** Opening EXERCISE MATERIALS block **

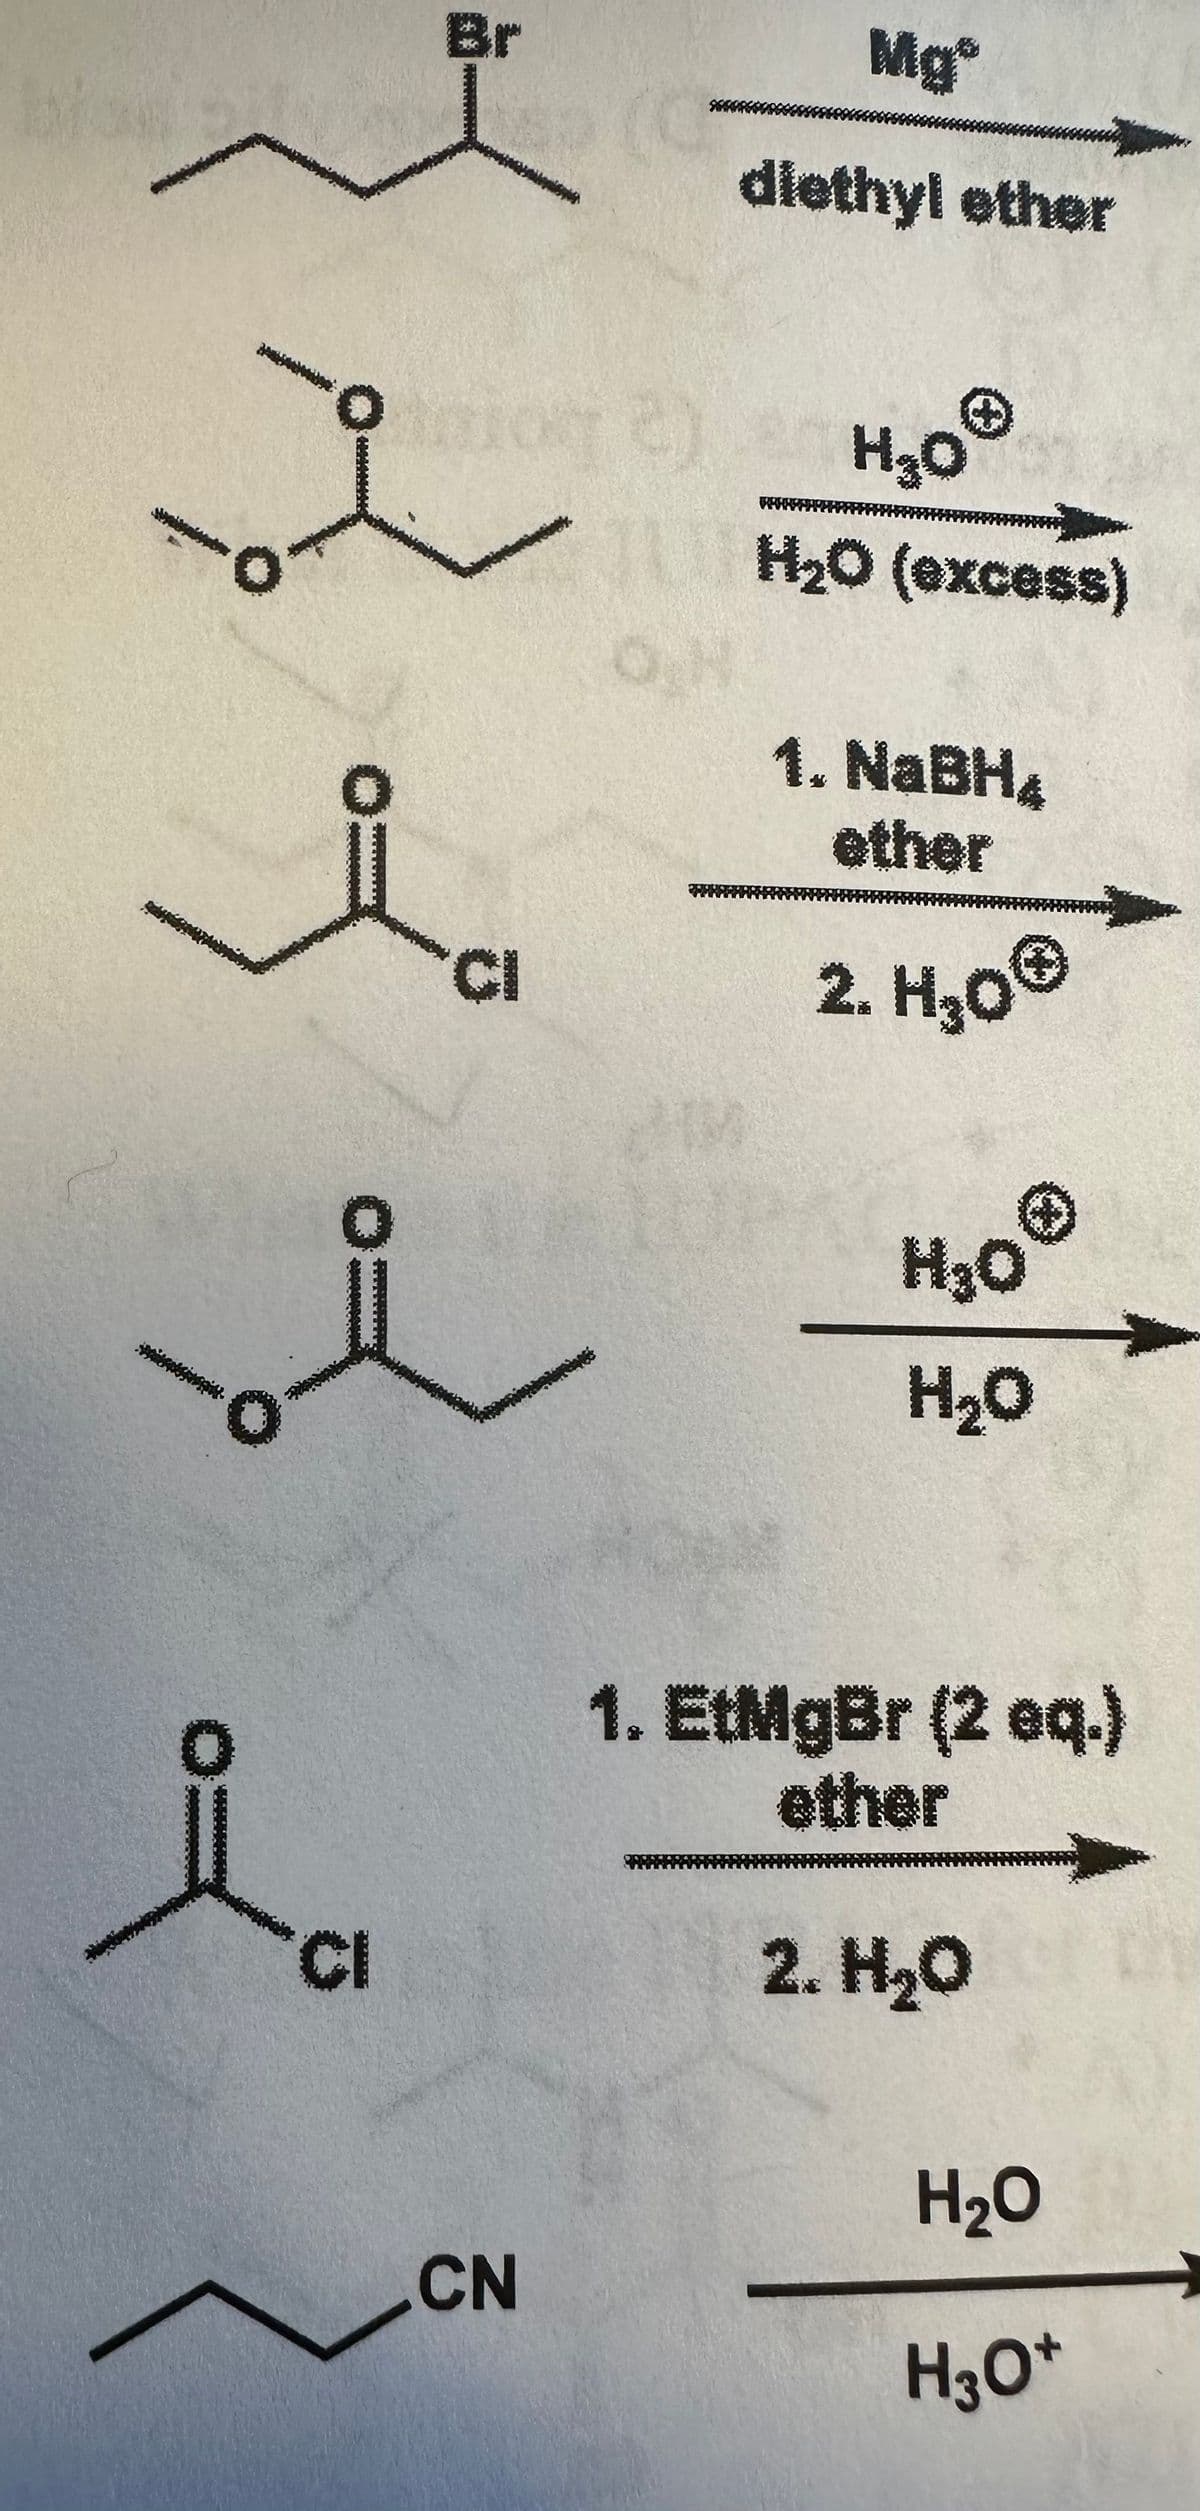 BI
I
pinion
CI
CI
CN
JU
N
Mg
diethyl ether
H₂O
H₂0 (excess)
1. NaBH4
2. H₂0Ⓒ
H₂O
H₂O
1. EtMgBr (2 eq.)
ether
2. H₂O
H₂O
H3O+
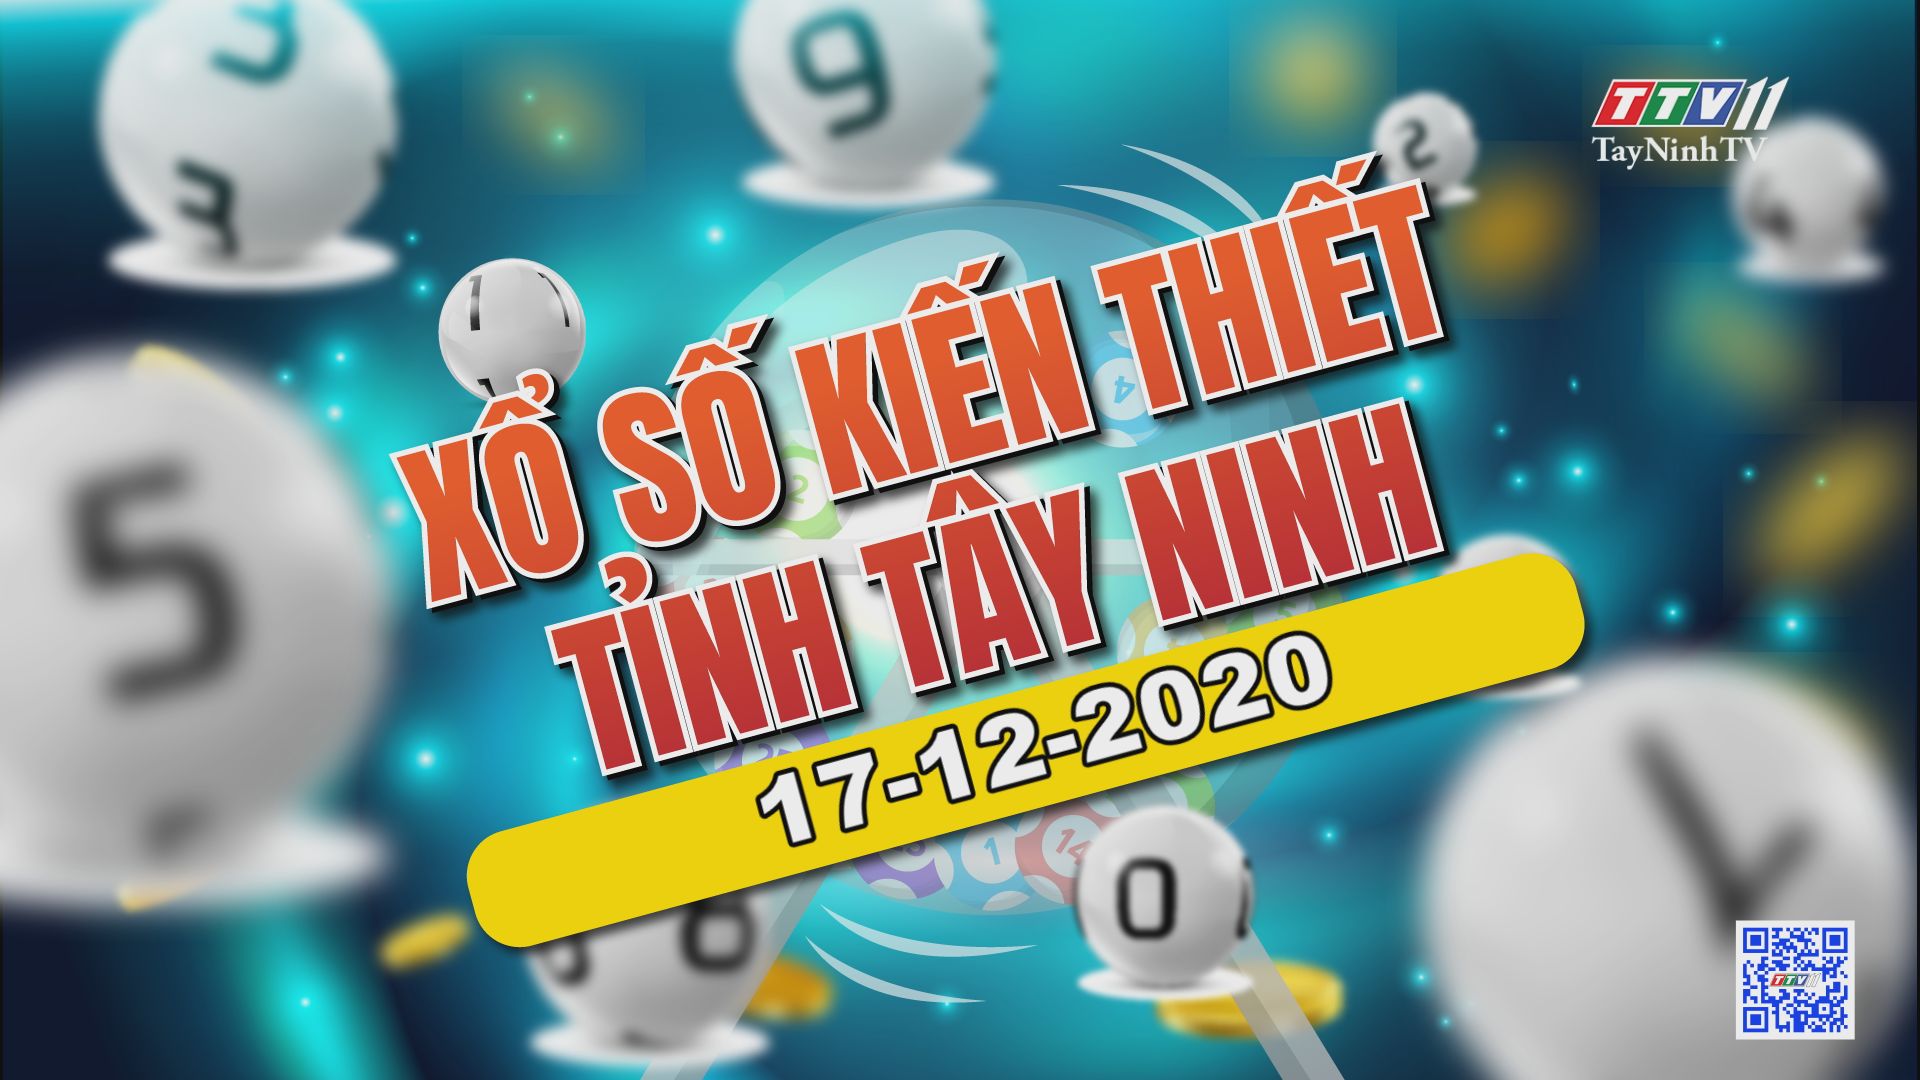 Trực tiếp Xổ số Tây Ninh ngày 17-12-2020 | TayNinhTV 
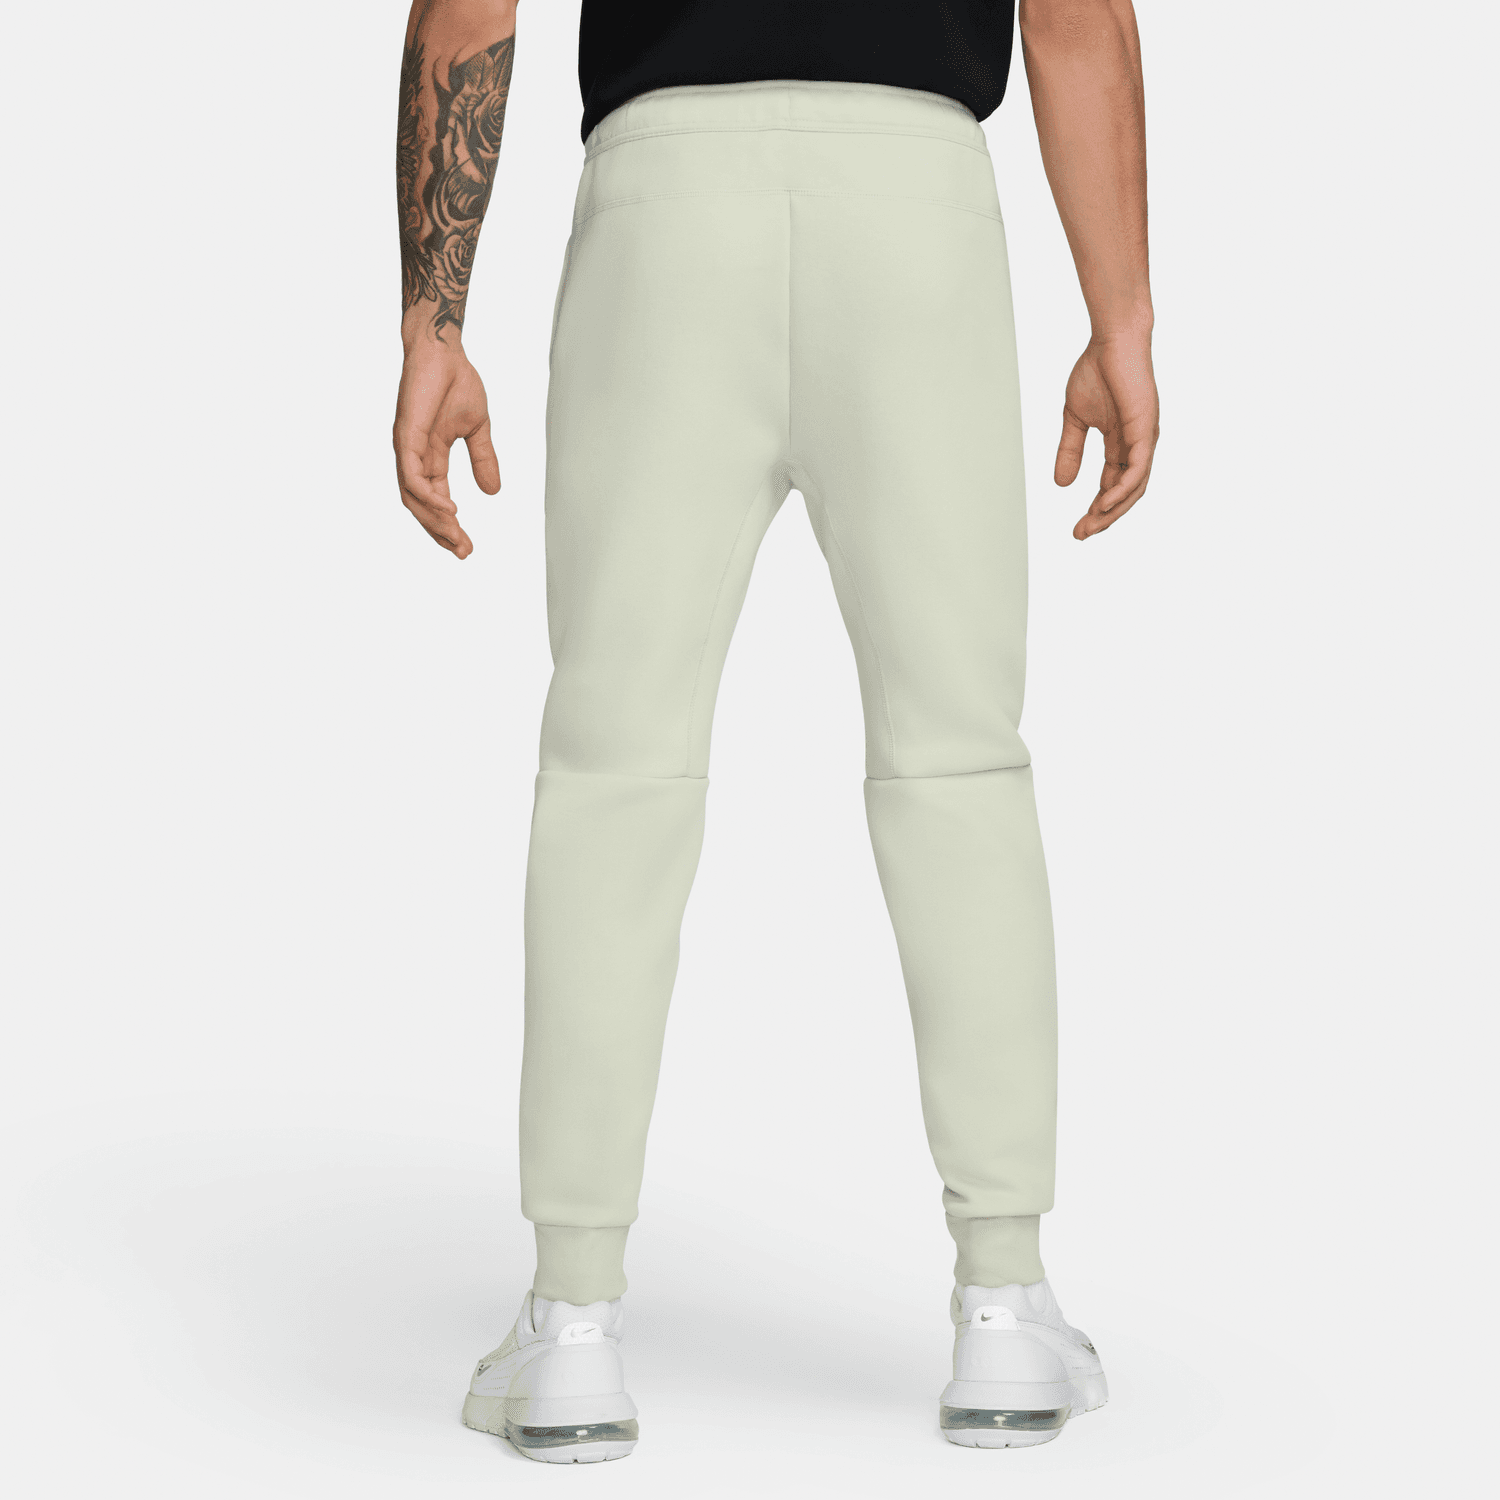 Pantalon Nike Tech Fleece - Beige/Noir

** Closing EXERCISE MATERIALS block **

TASK OBJECTIVE:
Output all the data, exactly, without images.

SOLUTION TO THIS TASK:
 BI
I
pinion
CI
CI
CN
JU
N
Mg
diethyl ether
H₂O
H₂0 (excess)
1. NaBH4
2. H₂0Ⓒ
H₂O
H₂O
1. EtMgBr (2 eq.)
ether
2. H₂O
H₂O
H3O+
 Trực tiếp Xổ số Tây Ninh ngày 17-12-2020 | TayNinhTV 
 Pantalon Nike Tech Fleece - Beige/Noir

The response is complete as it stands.